The absolute travesty of people who lied, or tried to disrupt, the history of the nation, the narrative that was true; and lies have unnecessary, unfortunate consequences. They destroy the people who utter them, like javelins driving straight back through their skulls, and all was here, and all would be destroyed, and we make our way like savages through a quagmire of the past, unable to tell truth from falsehood, light from dark,
Be Gone From This Place. And so, he hit the road again. And the world swirled into place.
MAINSTREAM MEDIA
THE NEW DAILY
The United Nations says the world economy is in for another tough year, with Australia and other developed economies in Asia facing strong headwinds.
Rising rental prices are likely to limit progress on inflation in Australia based on the intergovernmental organisation’s projections.
It expects inflation to fall fairly gradually in Australia and New Zealand over the next twelve months, with competitive rental markets largely responsible for the sluggish progress.
“In Australia and New Zealand, inflation is projected to remain relatively high in 2024 due to the acceleration in rental prices driven by housing supply shortages,” read the UN’s 2024 World Economic Situation and Prospects report.
Australia’s consumer price inflation is tipped to ease to 3.3 per cent in 2024, according to the UN’s forecasts, before sinking to three per cent in 2025.
Annually, Australia’s inflation grew 5.4 per cent through to the September quarter.
GUARDIAN AUSTRALIA
Islamic State has claimed responsibility for two explosions at a ceremony in Iran to commemorate commander Qassem Suleimani. More than 95 Iranians were killed and scores more injured in the attack on Wednesday, which came at a memorial ceremony marking the fourth anniversary of the killing of Suleimani, the head of Iran’s al-Quds force. The US is “in no position to doubt” the Islamic State’s claim of responsibility, the White House has said.
More than 22,438 Palestinians have been killed in Gaza since the war began, the majority of them women and children, according to the latest figures from Gaza’s health ministry on Thursday. The figures include 125 Palestinians killed in the past 24 hours. At least 12 Palestinians were killed in an Israeli strike on a home in al-Mawasi evacuation zone, Palestinian hospital officials said.

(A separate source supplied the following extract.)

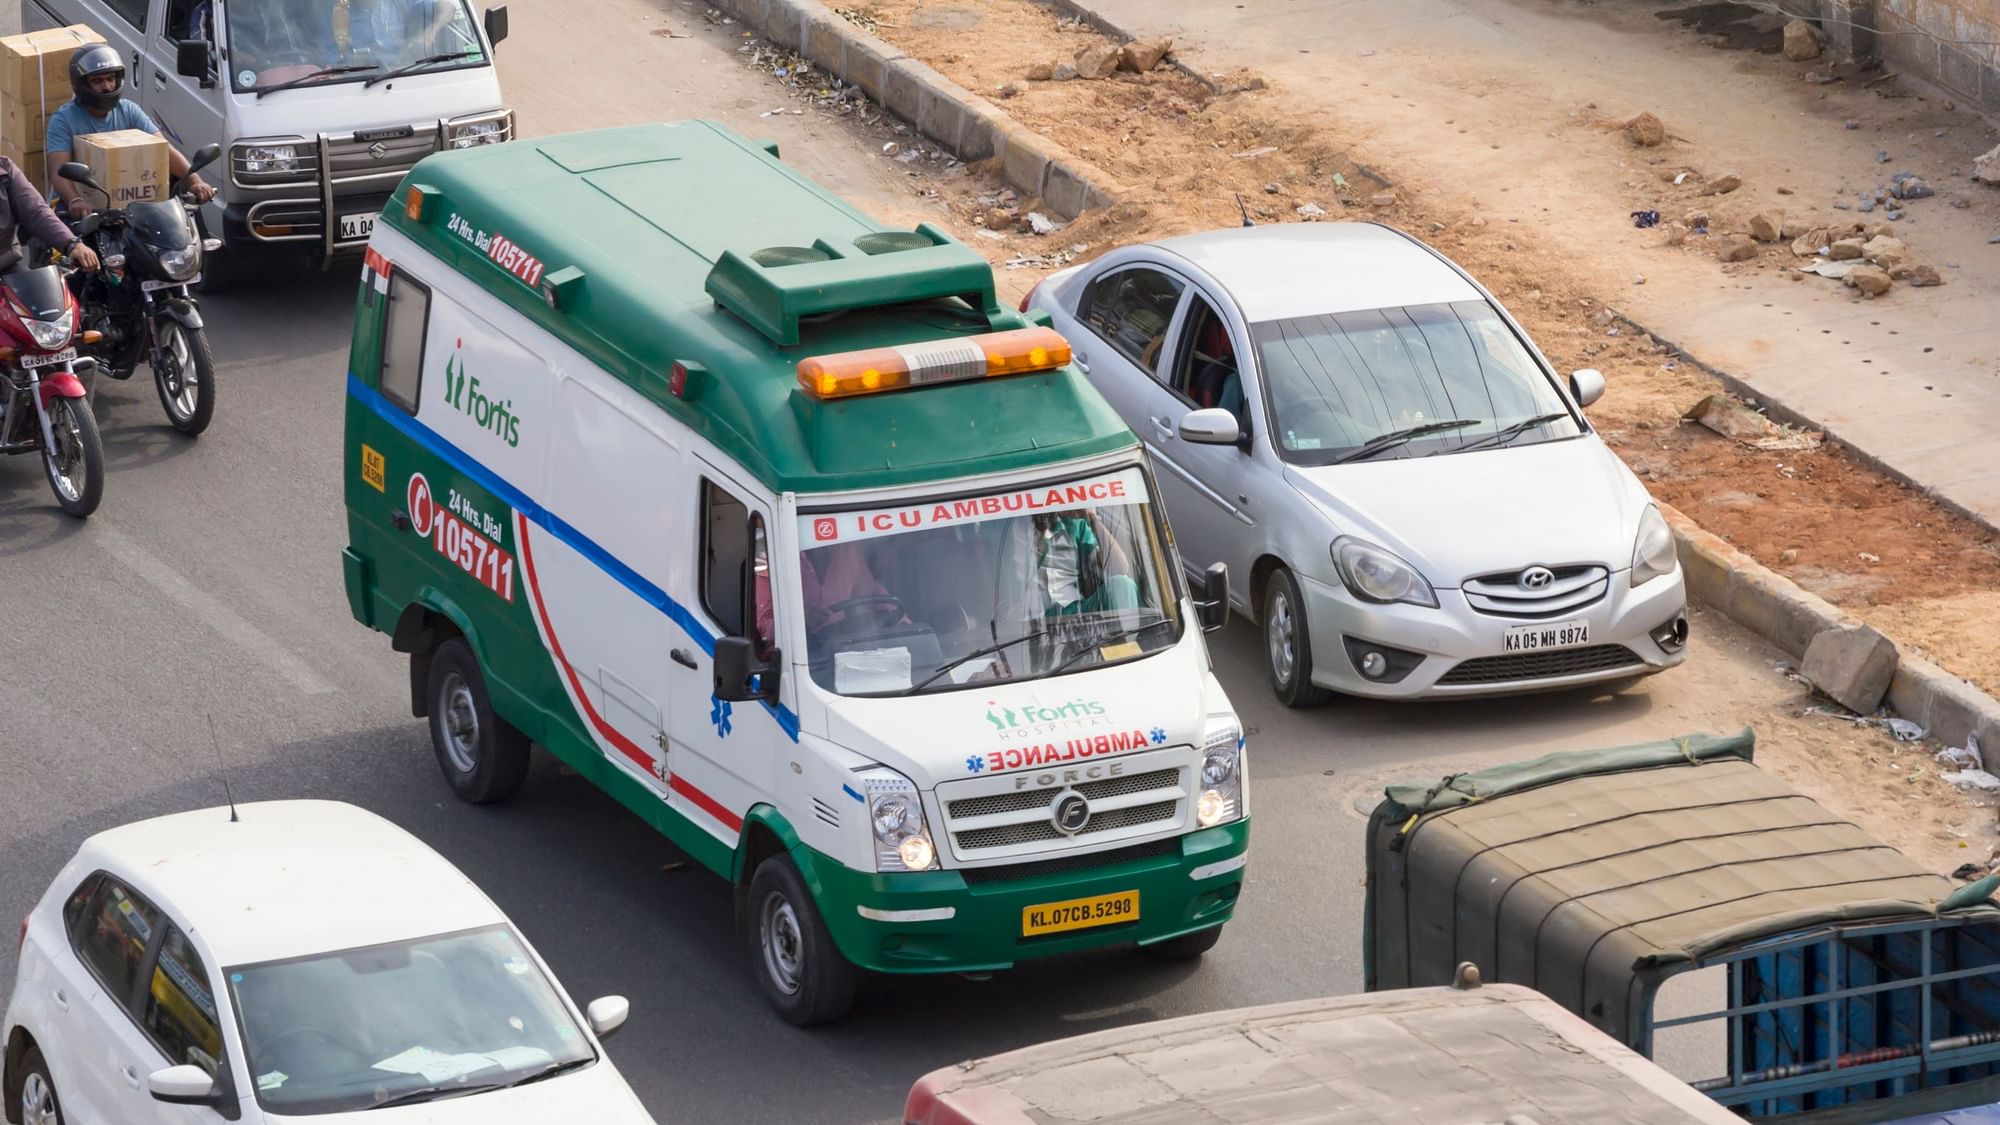 Bangalore, India: An ambulance belonging to a private hospital tries to make its way through traffic in south Bangalore, India.&nbsp;

The blast reportedly killed a man and his wife, seven of their children and three other children ranging in age from five to 14.
CANBERRA TIMES
Former grand mufti of Australia Sheikh Taj El-Din Hilali has been described as a beacon of light at a time of division after his death aged 82.
A controversial figure during the mid-2000s when he publicly sparred with then-prime minister John Howard over the "War on Terror", the dual citizen died in Egypt on Thursday, Australian time.
The Lebanese Muslim Association (LMA) said Sheikh Hilali carried the weight of the Australian Muslim community on his "very broad shoulders and his even bigger heart" as he took up the fight to protect Islamic rights locally.
"Although residing in Egypt at the time of his passing, Sheikh Taj maintained close links with the Muslim community in Australia who loved and admired him so much and he remained a frequent and welcome visitor to Sydney," the association said in a statement.